Eighth: Sand your base coat with 1500 grit and make sure u dont have any runs. Please make sure u dont get to the sealer because it makes for a ****ty look. This is the reason u get the same color sealer. So if u do it doesnt look like u have a white spot in your paint.

Ninth: Spray a Clear Coat. You said gloss but its called clear coat. I sprayed 5 coats on mine but I did a professional job and also have 3 coats of pearl in mine. You pick. 3-6 coats.

Tenth: Sand your clear coat with 1500 grit and then buff with some turtle wax or something.... Make sure u dont sand to the base coat!!!

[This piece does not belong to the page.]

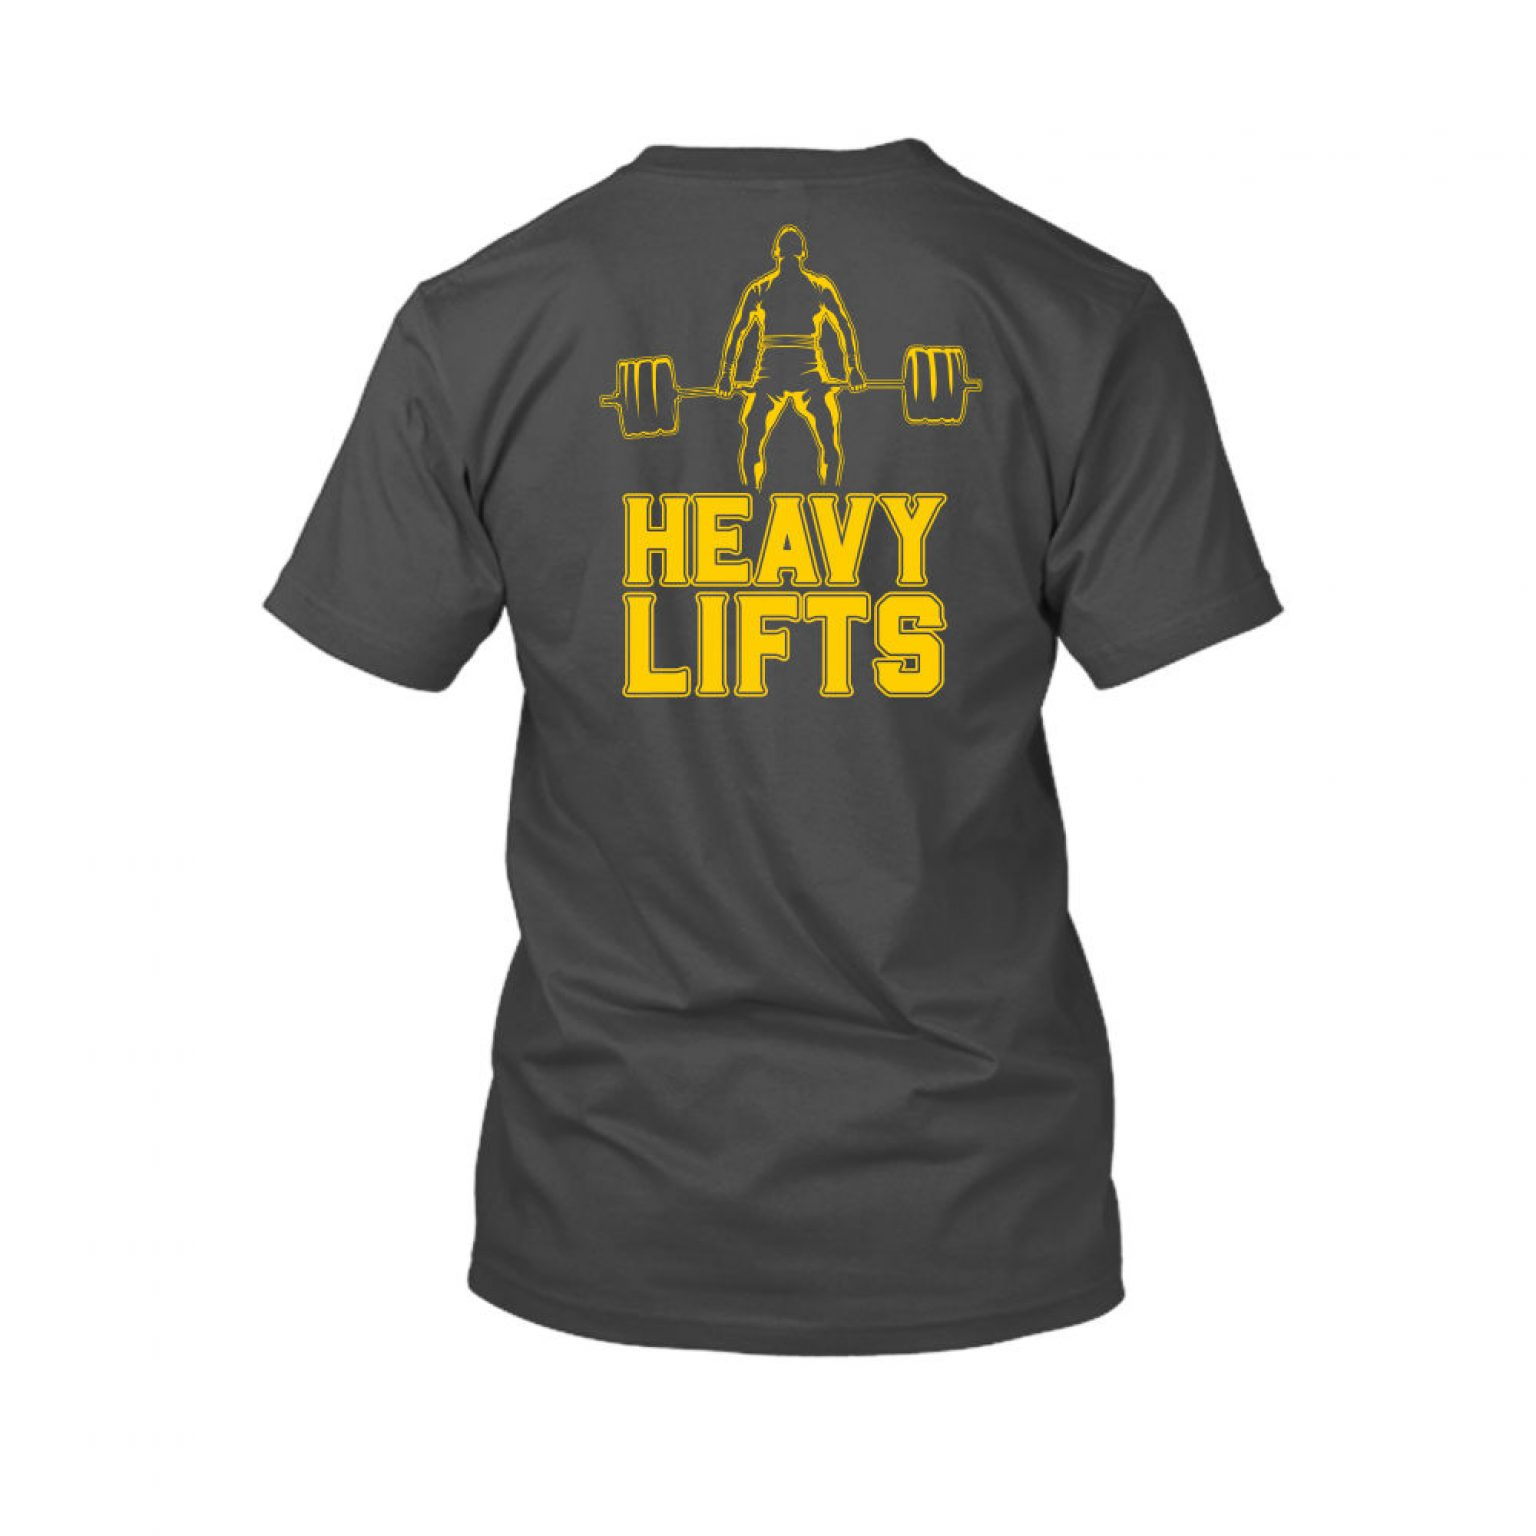 heavylifts shirt herren charcoal back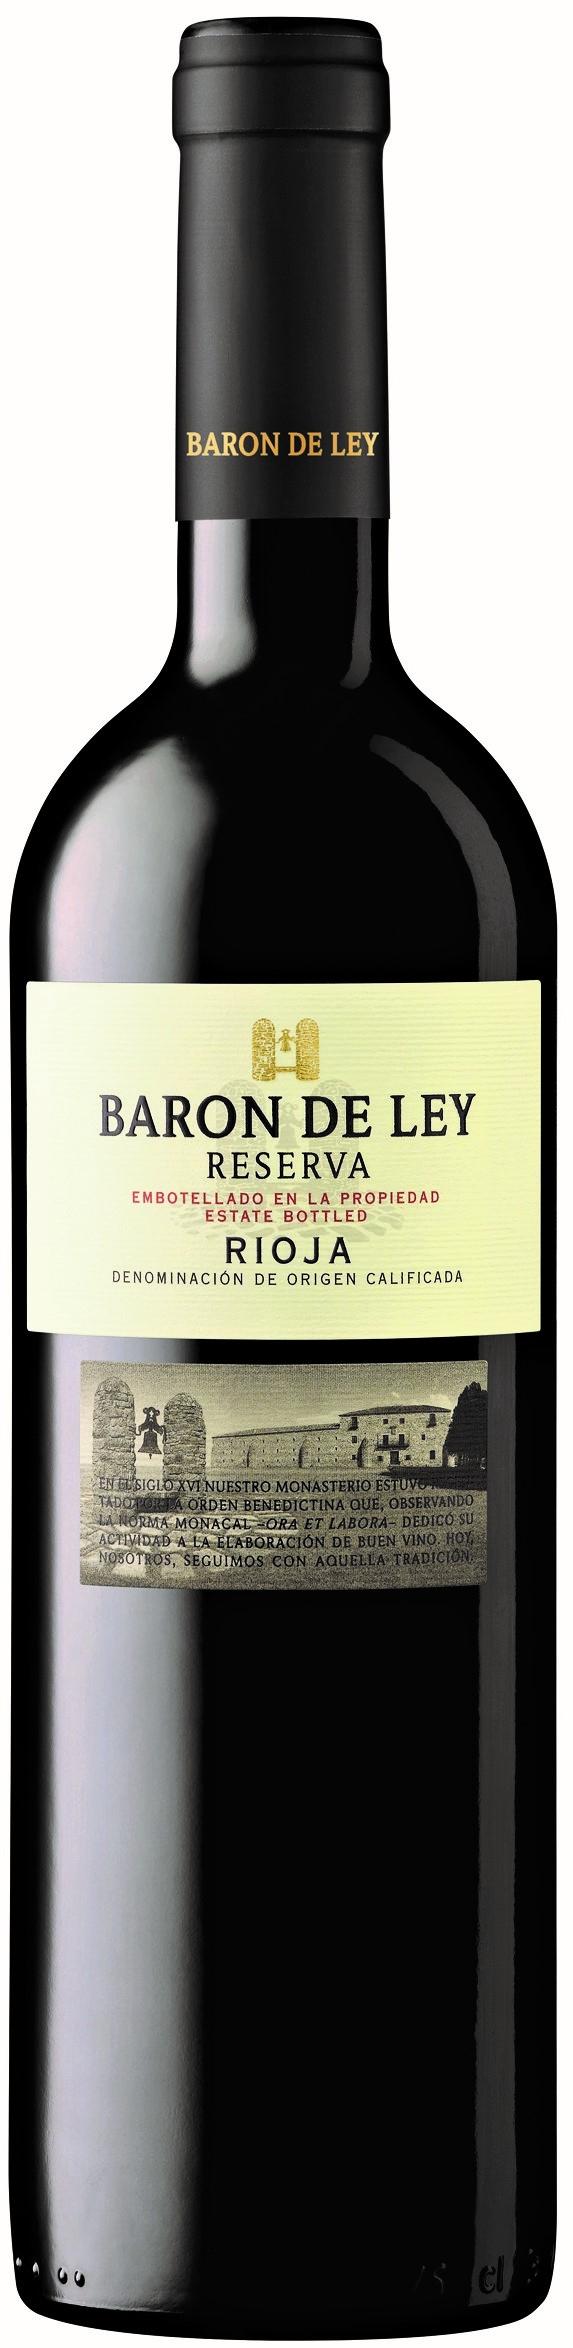 Caudalia wine Box diciembre 2018 tinto reserva España

Let me know if u have any questions.
damn good write up. Just want to add a couple of things if that is ok. before going to step 3, rinse off the tail (that just sounds bad). you want to make sure you got everything. you can just stick it in the sink or tub or outside with a hose and rinse it off. You can either use soap or just water. I would recommend soap and just clean the whole thing off, even the parts you may not be painting.
Also, be sure you get primer that is made for plastic. easy to find. either at automotive paint section or get the stuff from home depot, lowes, walmart, etc. its all the same, it just cheaper outside of the automotive section. And dont listen to anyone if they say this wont work because of the heat. This stuff holds up on outdoor furniture and for parts under the hood of a car.
also, after sanding the clear coat and before the wax, throw some polish on it. it will improve the look of the sanded clear coat and will stand out once the wax is applied.
It would be a good idea to wash, polish and wax the entire bike to help with the paint matching. Depending on how old your bike is, some of the rest of the body could have faded and the tail will stick out like a sore thumb.
Above all, ask as many questions as needed. We are always here to help.